As explained, the current through the inductor ramps up when the switch is on, and ramps down when the switch is off. The DC load current from the regulated output is the average value of the inductor current. The peak-to-peak difference in the inductor current waveform is referred to as the inductor ripple current, and the inductor is typically selected large enough to keep this ripple current less than 20% to 30% of the rated DC current.In most Buck regulator applications, the inductor current never drops to zero during full-load operation (this is defined as continuous mode operation). Overall performance is usually better using continuous mode, and it allows maximum output power to be obtained from a given input voltage and switch current rating. In applications where the maximum load current is fairly low, it can be advantageous to design for discontinuous mode operation. In these cases, operating in discontinuous mode can result in a smaller overall converter size (because a smaller inductor can be used). Discontinuous mode operation at lower load current values is generally harmless, and even converters designed for continuous mode operation at full load will become discontinuous as the load current is decreased (usually causing no problems).

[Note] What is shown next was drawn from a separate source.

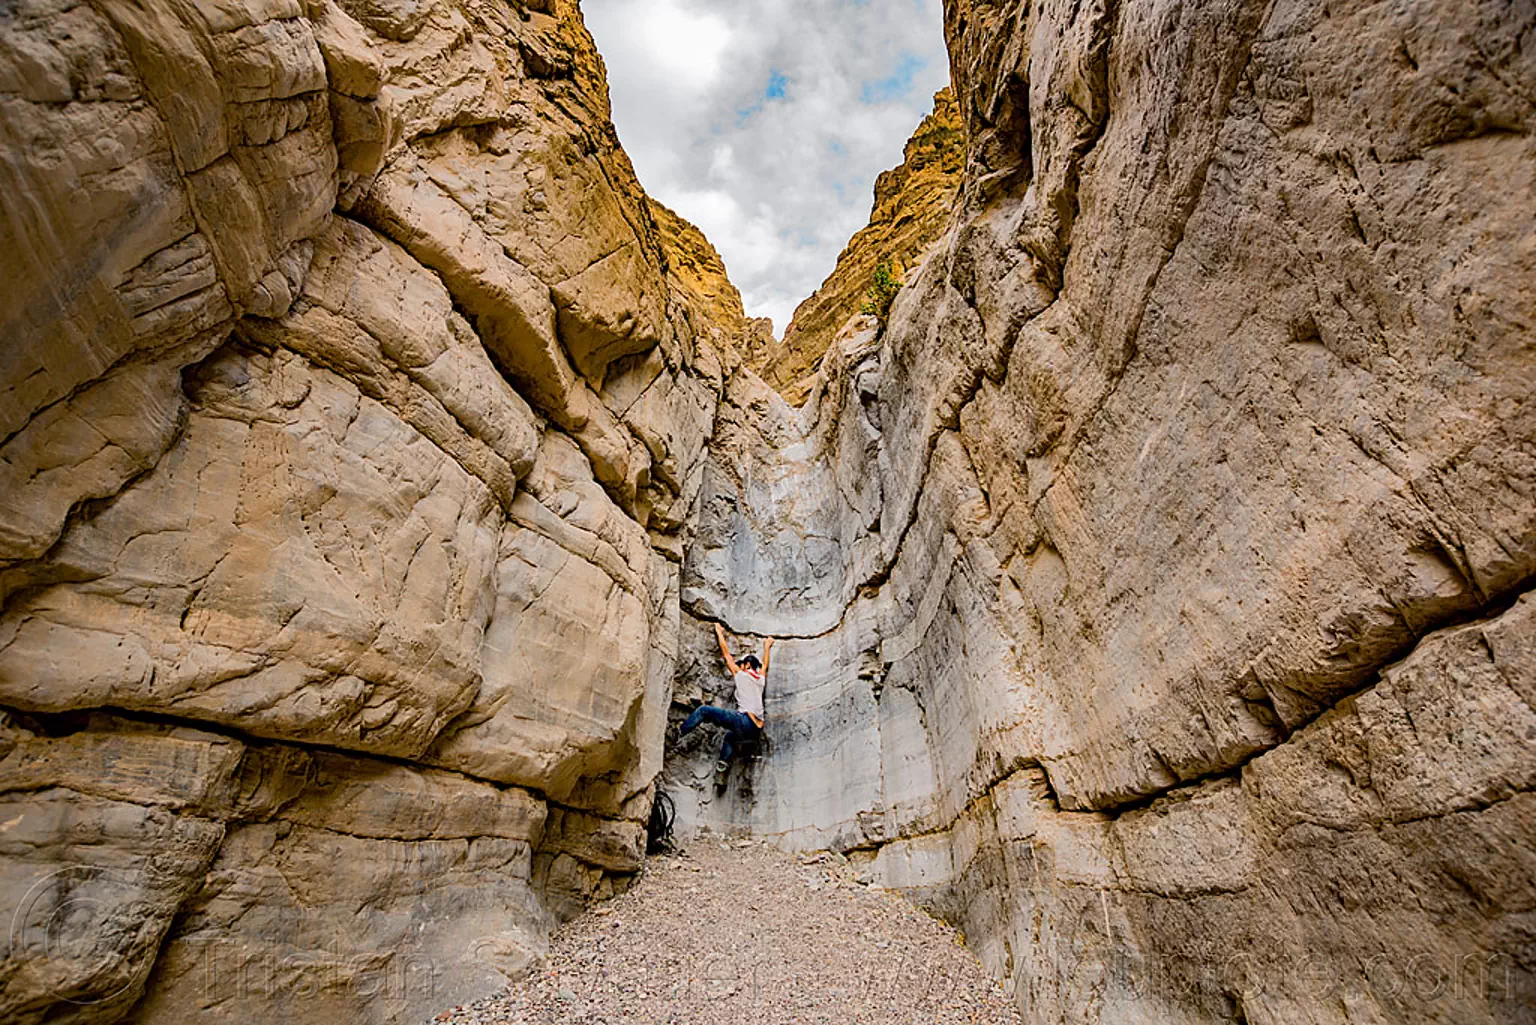 rock climbing the dry waterfall - fall canyon - death valley national park (california), cliff, death valley, fall canyon, hiking, rock-climbing
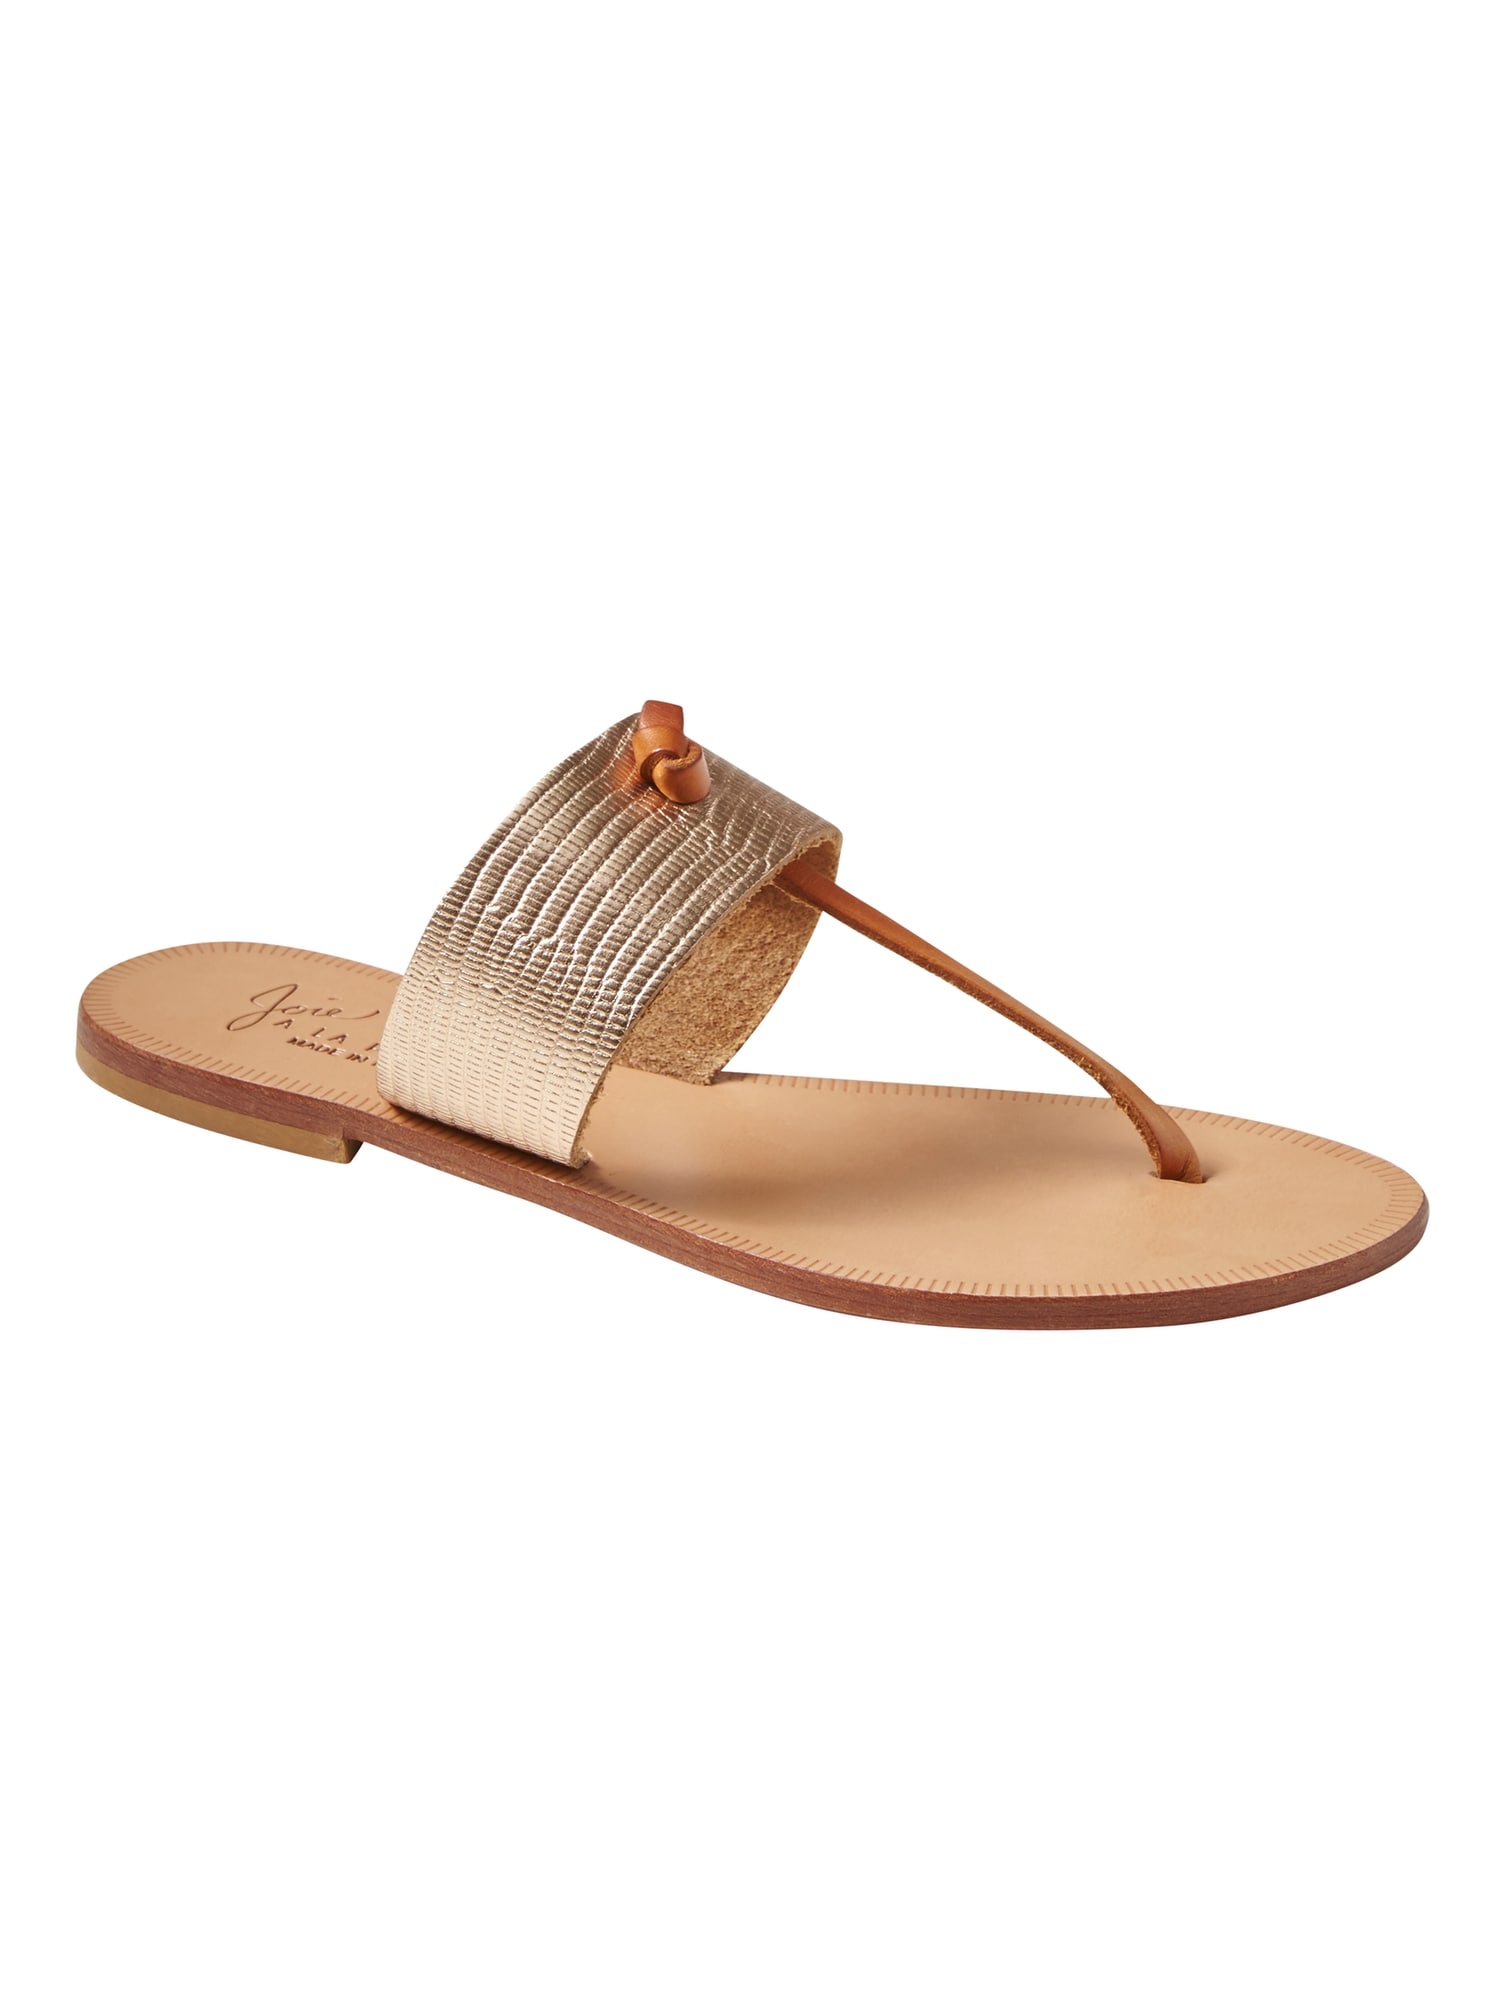 Cute Women's Sandals - 2018 Trending Spring/Summer Sandals -- Mommy Fashion Blogger - The Overwhelmed Mommy

The I/O characteristics of all DC-DC converters can be examined by using the requirement that the initial and final Inductor current within a period/cycle should be constant (i.e net energy stored in an inductor is zero). So, average voltage per cycle is zero. Mathematically:
VLOND + VLOff (1-D) = 0, where D is the duty cycle.
Practical Constant ON-Time Buck Regulator (an example) :
The basic regulator IC consists of a comparator with input hysteresis that compares the output feedback voltage with a reference volt turning off the buck switch MOSFET.When the feedback voltage exceeds the reference voltage, the comparator output goes low, turning off the buck switch MOSFET. The switch remains off until the feedback voltage falls below the reference hysteresis voltage. Then, the comparator output goes high, turning on the switch and allowing the output voltage to rise again. It reacts extremely quickly to load and line transients due to its wide bandwidth control loop. Unlike a pulse width modulation (PWM) regulator, this loop does not require an error amplifier or frequency compensation.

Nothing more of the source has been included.